MindAlpha is a machine learning platform integrating PySpark, PyTorch and a parameter server implementation. The platform contains native support for sparse parameters, making it easy for users to develop large-scale models. Together with MindAlpha Serving, the platform provides a one-stop solution for data preprocessing, model training and online prediction.
-
Efficient IO with PySpark. Minibatches read by PySpark as pandas DataFrames can be feed directly to models.
-
Similar API with PyTorch and Spark MLlib, users familar with PyTorch and PySpark can get started quickly.
-
Wrap custom sparse layers as PyTorch modules, making them easy to use.
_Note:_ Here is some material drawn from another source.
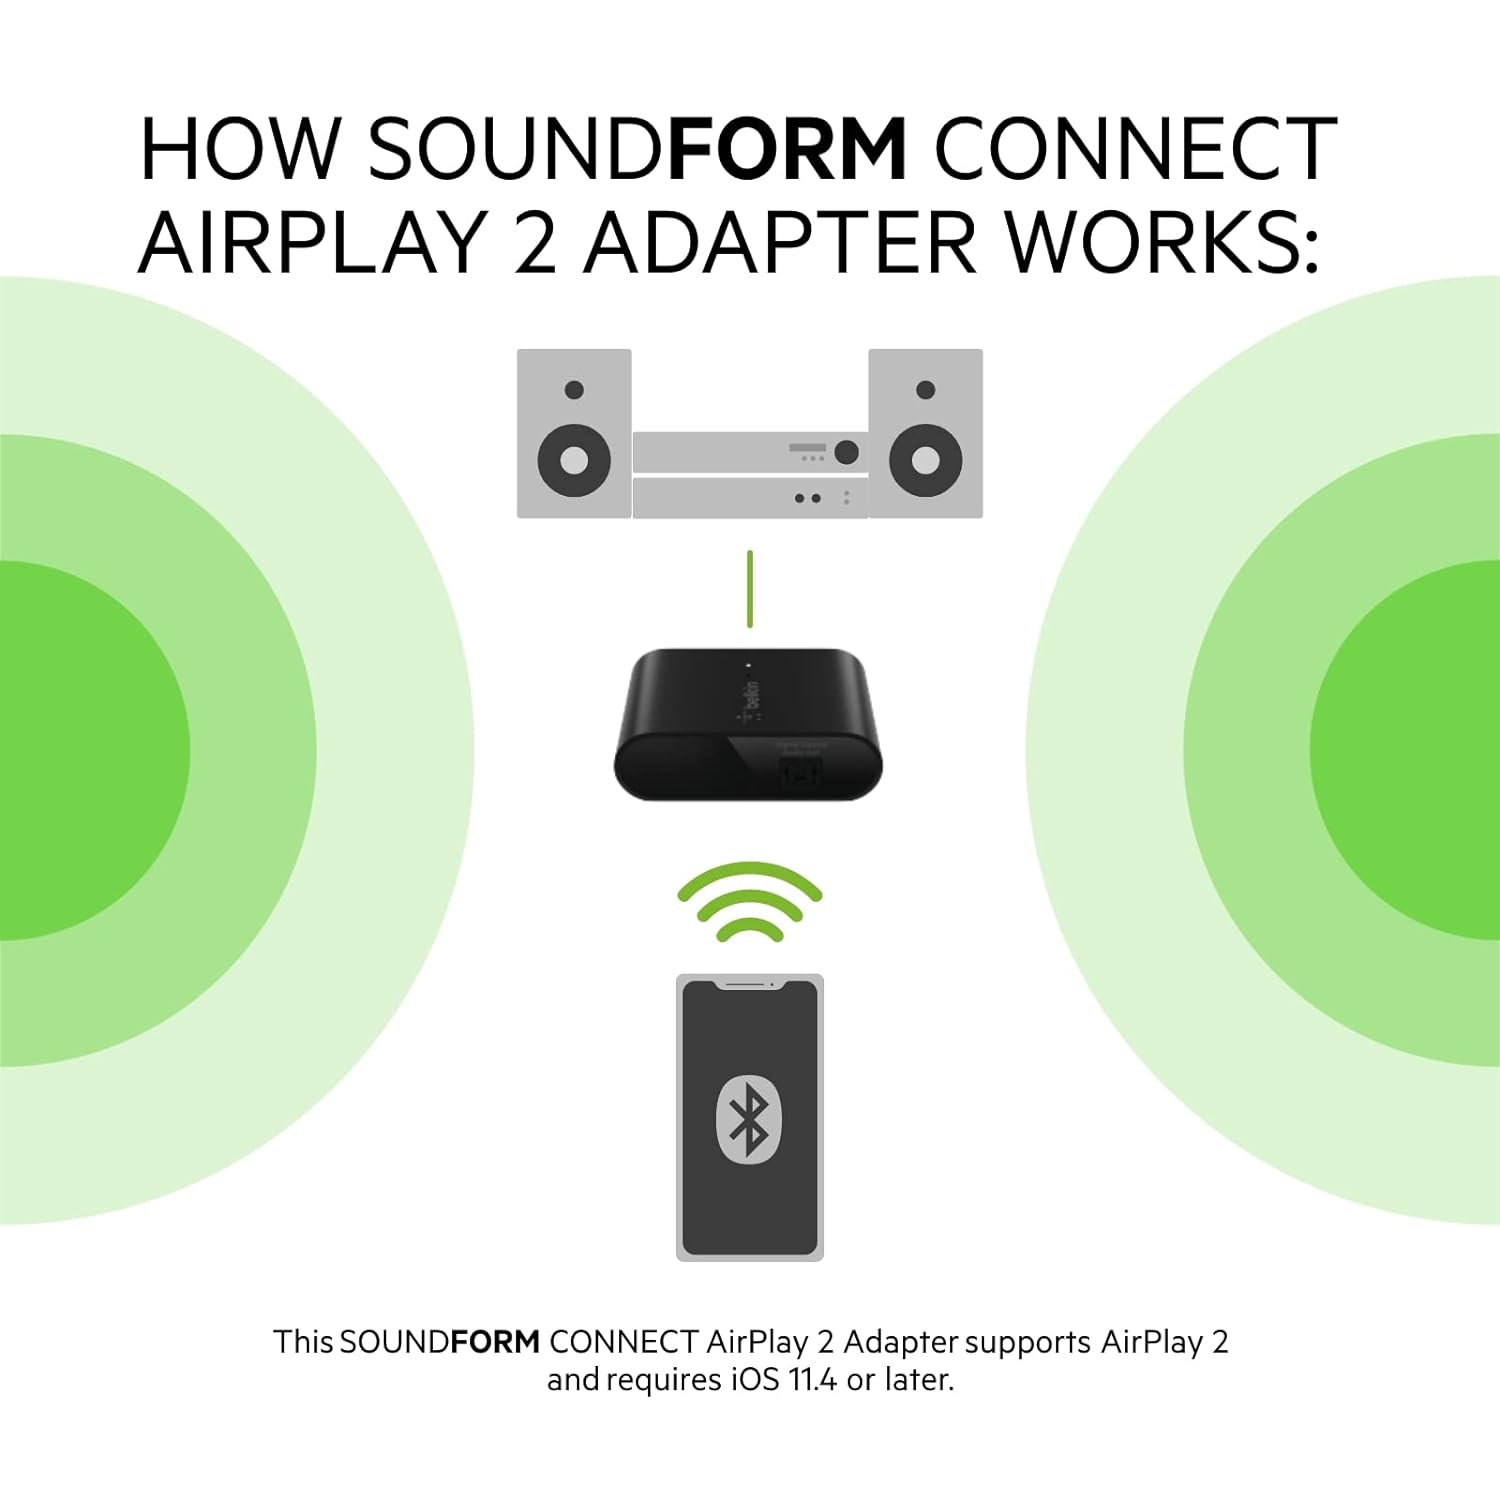 Belkin SoundForm Connect AirPlay 2 Audio Adapter Receiver for Wireless Streaming with Optical and 3.5mm Speaker Inputs for iPhone, iPad, Mac Mini, MacBook Pro and Other AirPlay Enabled Devices

Those sparse layers can contain billions of parameters.
-
Models can be developed in Jupyter Notebook interactively and periodical model training can be scheduled by Airflow.
-
The trained model can be exported via one method call and loaded by MindAlpha Serving for online prediction.
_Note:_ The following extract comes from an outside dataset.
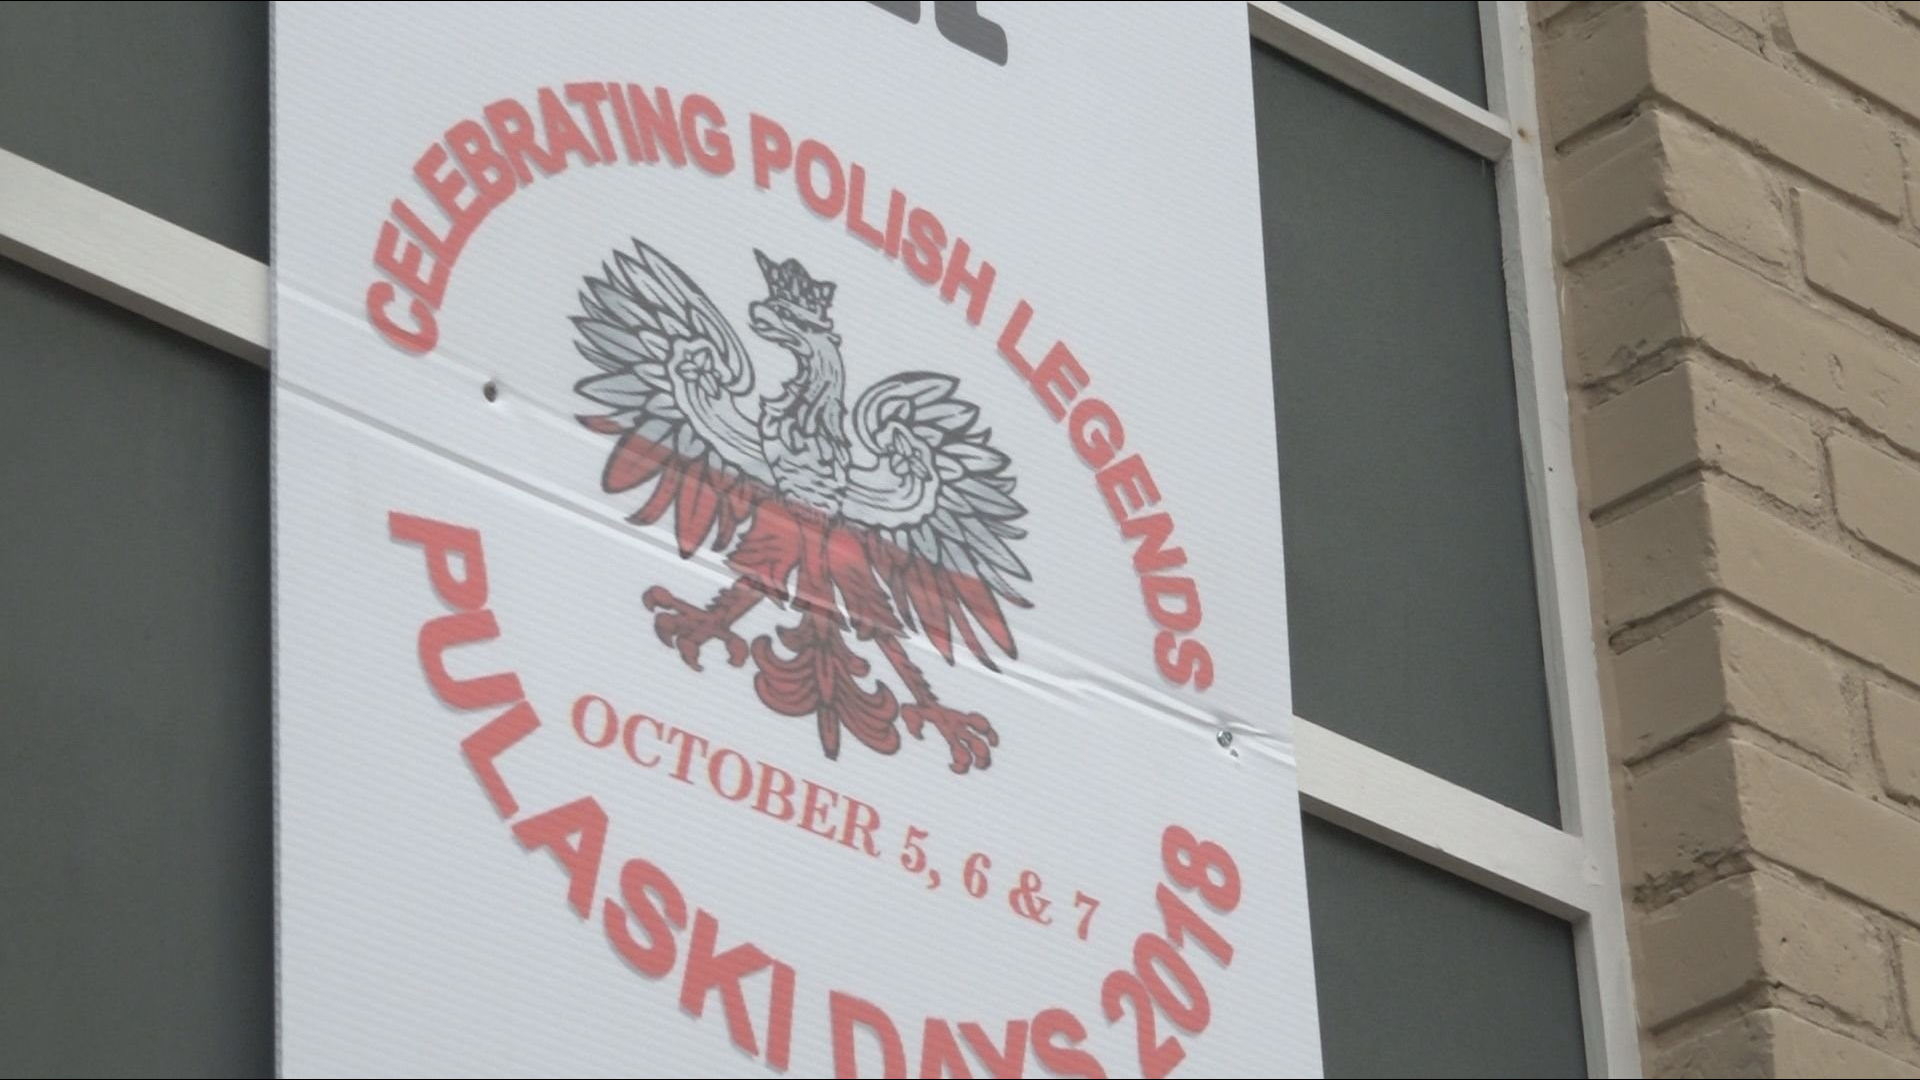 If you've haven't already, smoke some kielbasa and roll your golumpki -- Pulaski Days in Grand Rapids wraps up this weekend.

Firstly, run script to build a docker image
sh run_build.sh -i
For more details, please refer to docker/ubuntu20.04/Dockerfile and docker/centos7/Dockerfile.
and run script to compile sources(*cpp && py) to get dynamic-link library (*.so) and python install packages (*.whl) which will generate at directory build by default.
sh run_build.sh -m
Two tutorials are given:
- MindAlpha Getting Started introduces the basic API of MindAlpha briefly.
- MindAlpha Tutorial shows how to use MindAlpha in the production environment.